Content starts

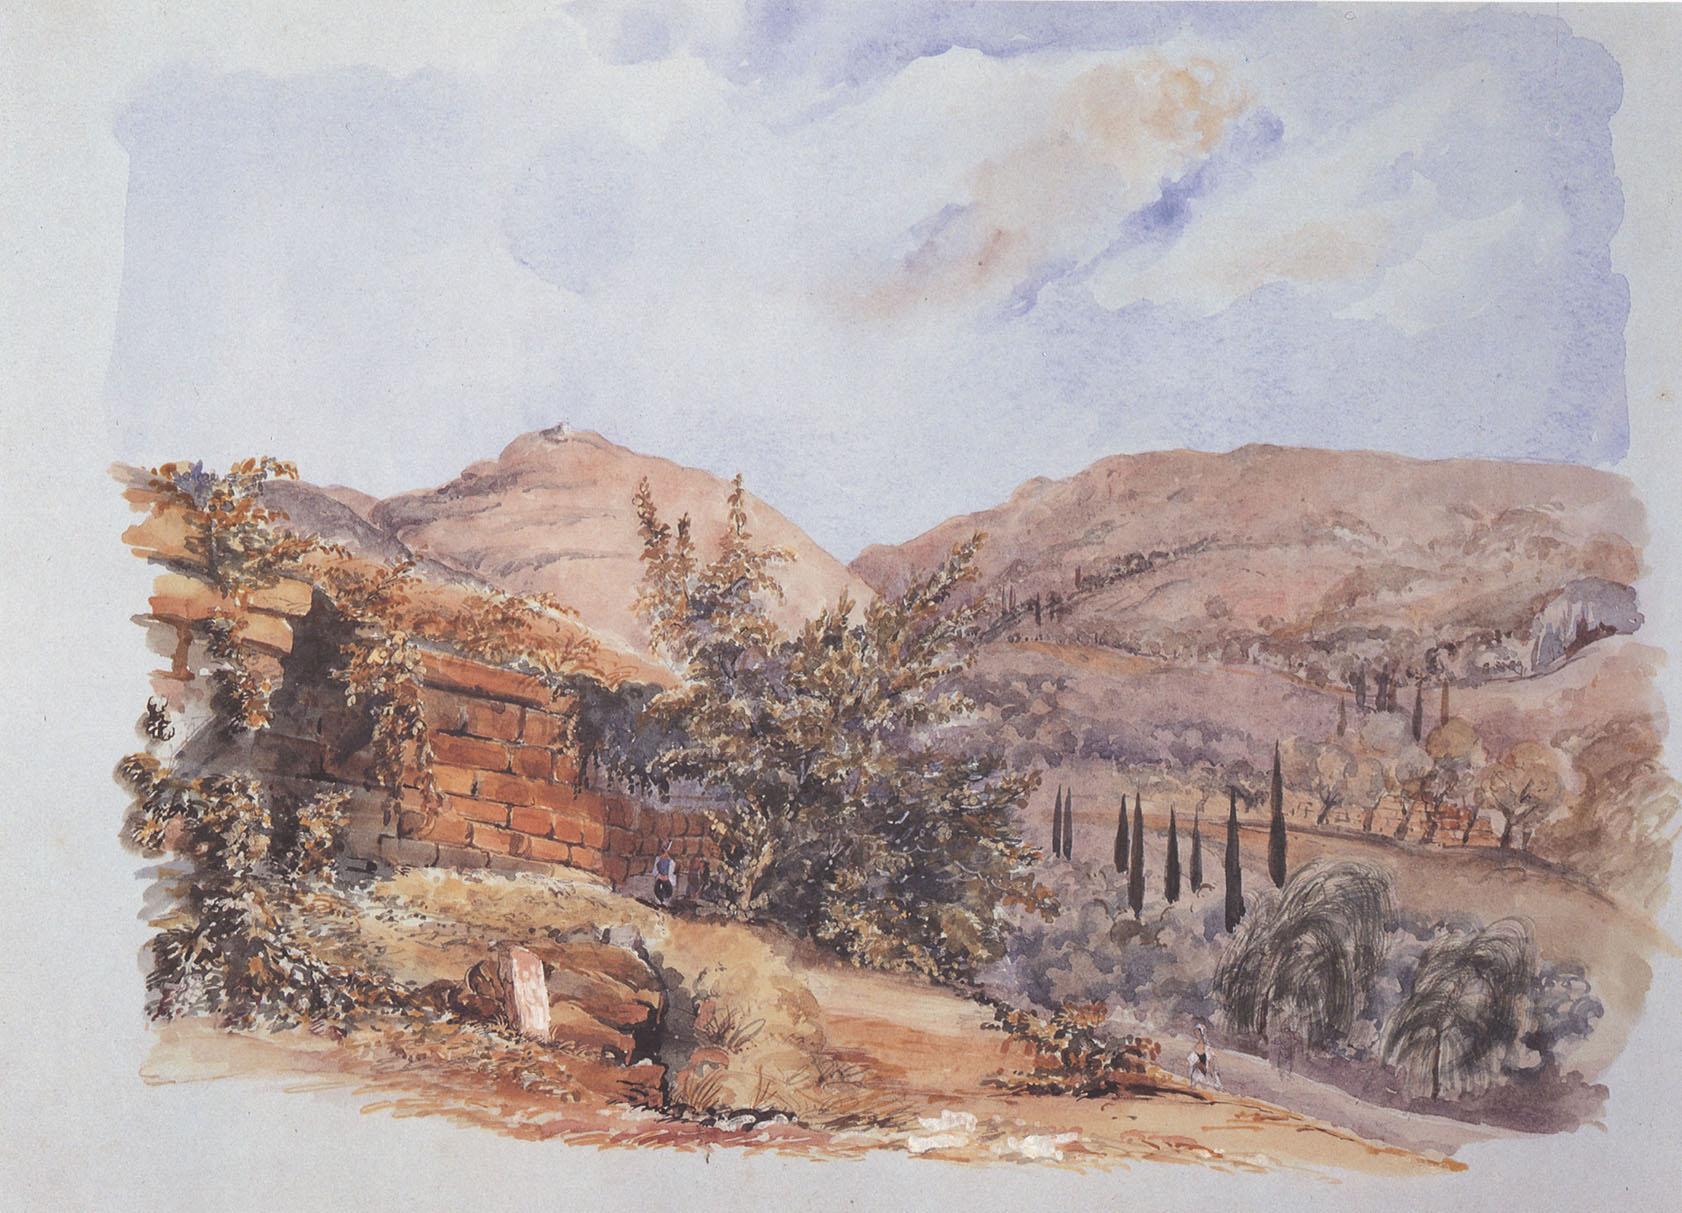 Η περιοχή του ιερού του Απόλλωνος σε υδατογραφία του Arthur Tower (1843)
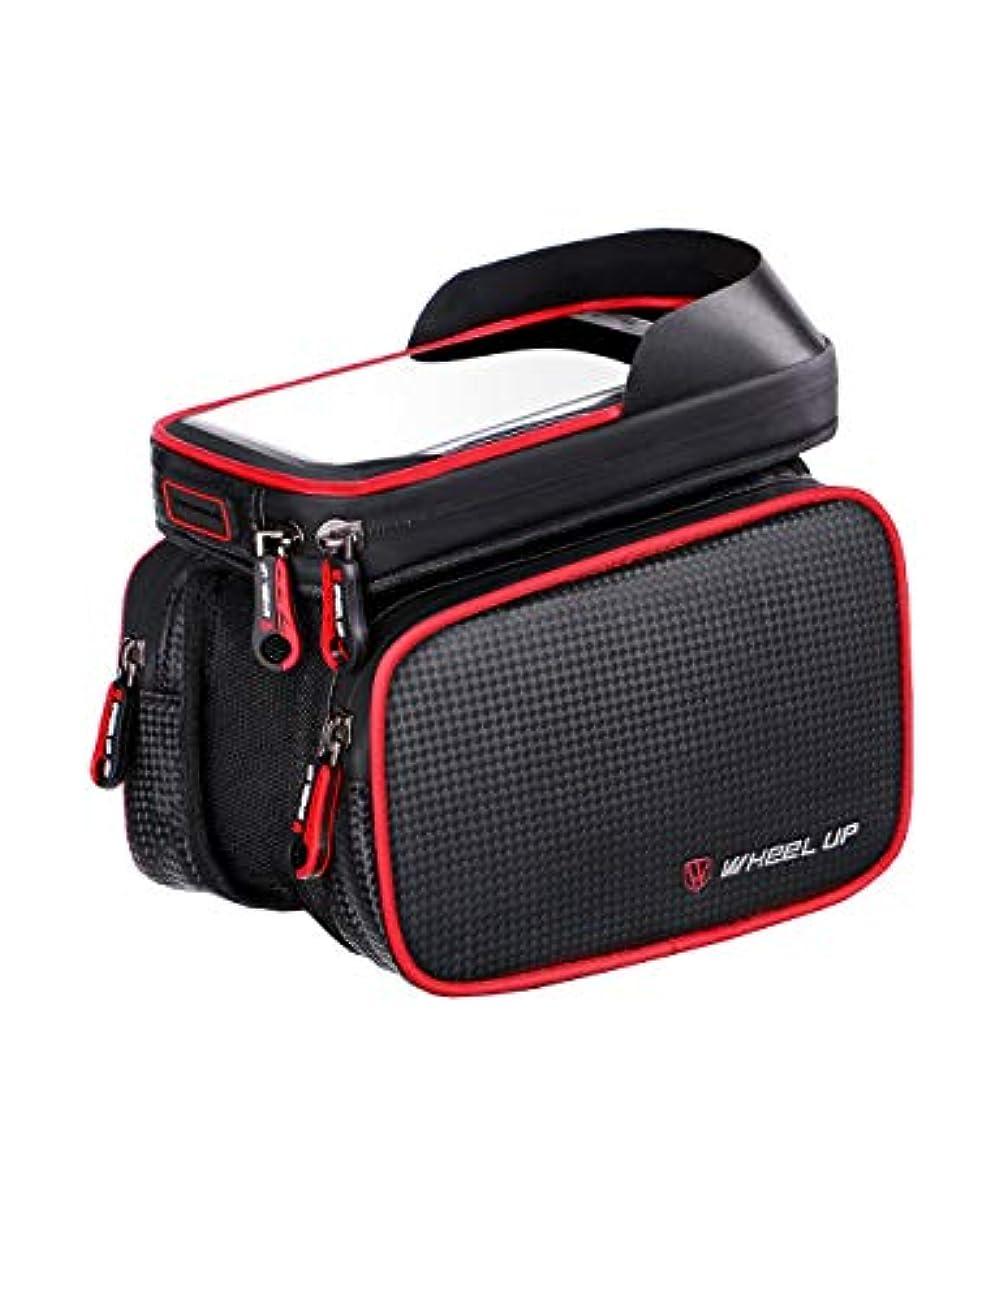 ジャニスメディアなので自転車バッグ自転車フロントシェルフ大型ストレージバッグ携帯電話バッグ防水敏感な6.2 ''タッチスクリーン
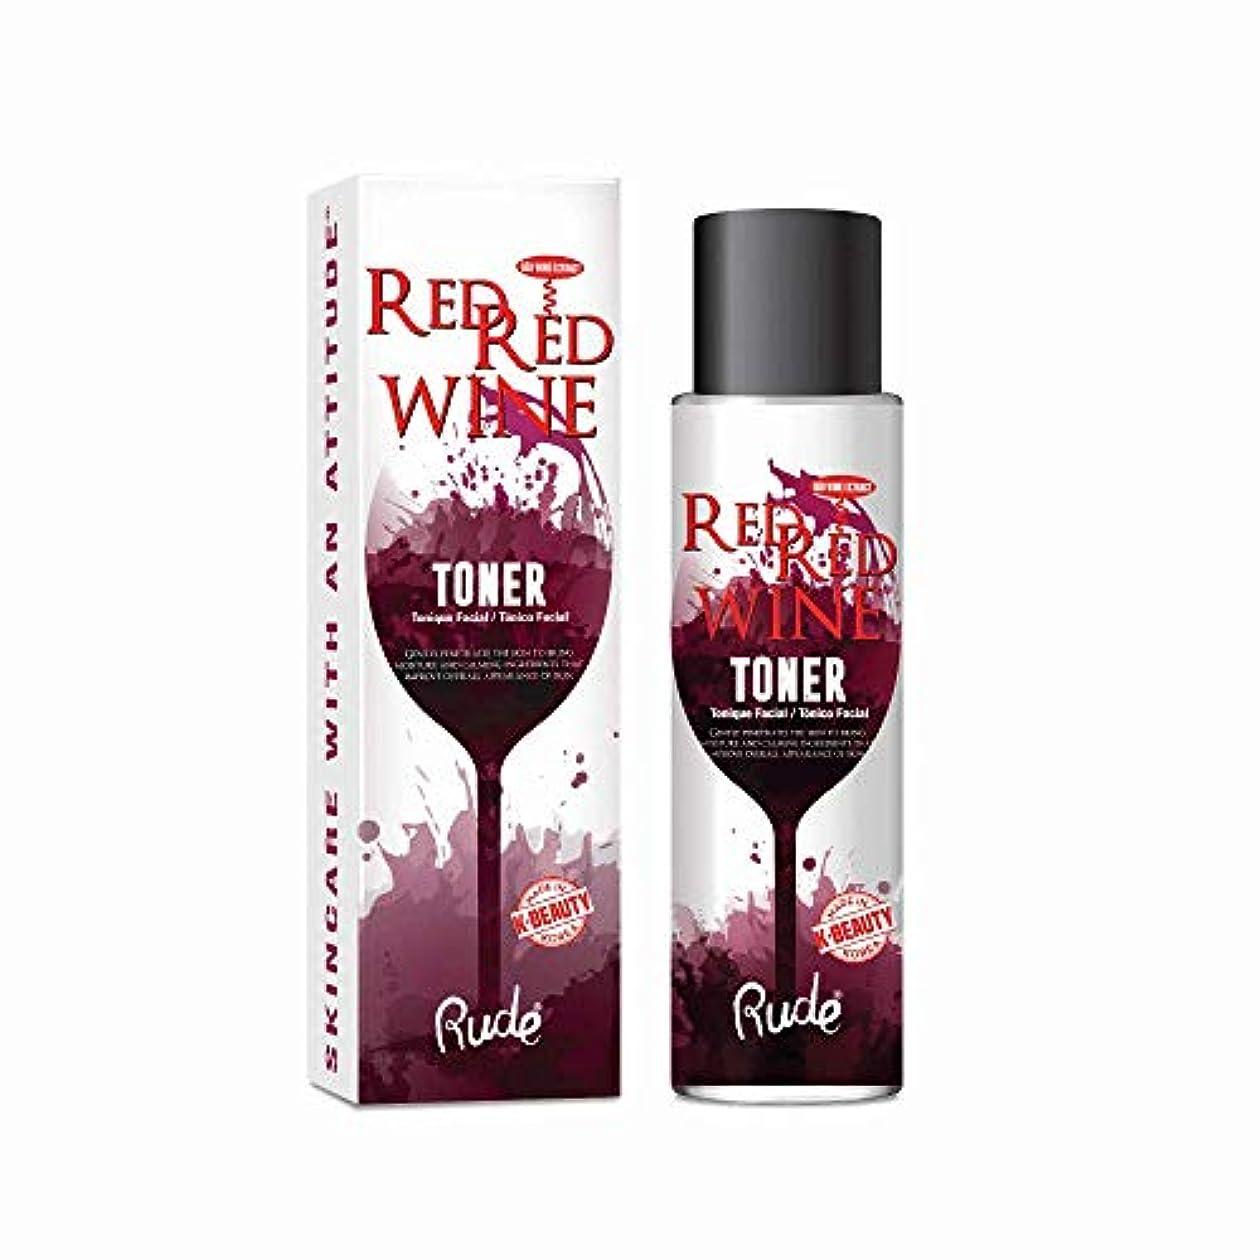 熱狂的な抵抗する仲人(6 Pack) RUDE Red Red Wine Toner (並行輸入品)

Content ends

**The problem:** Nothing but the lines from the one holding "ジャニスメディアなので自転車" through the last line of the listing should appear in the answer, copied exactly and without pictures.

**Worked solution:**
 ジャニスメディアなので自転車バッグ自転車フロントシェルフ大型ストレージバッグ携帯電話バッグ防水敏感な6.2 ''タッチスクリーン
 熱狂的な抵抗する仲人(6 Pack) RUDE Red Red Wine Toner (並行輸入品)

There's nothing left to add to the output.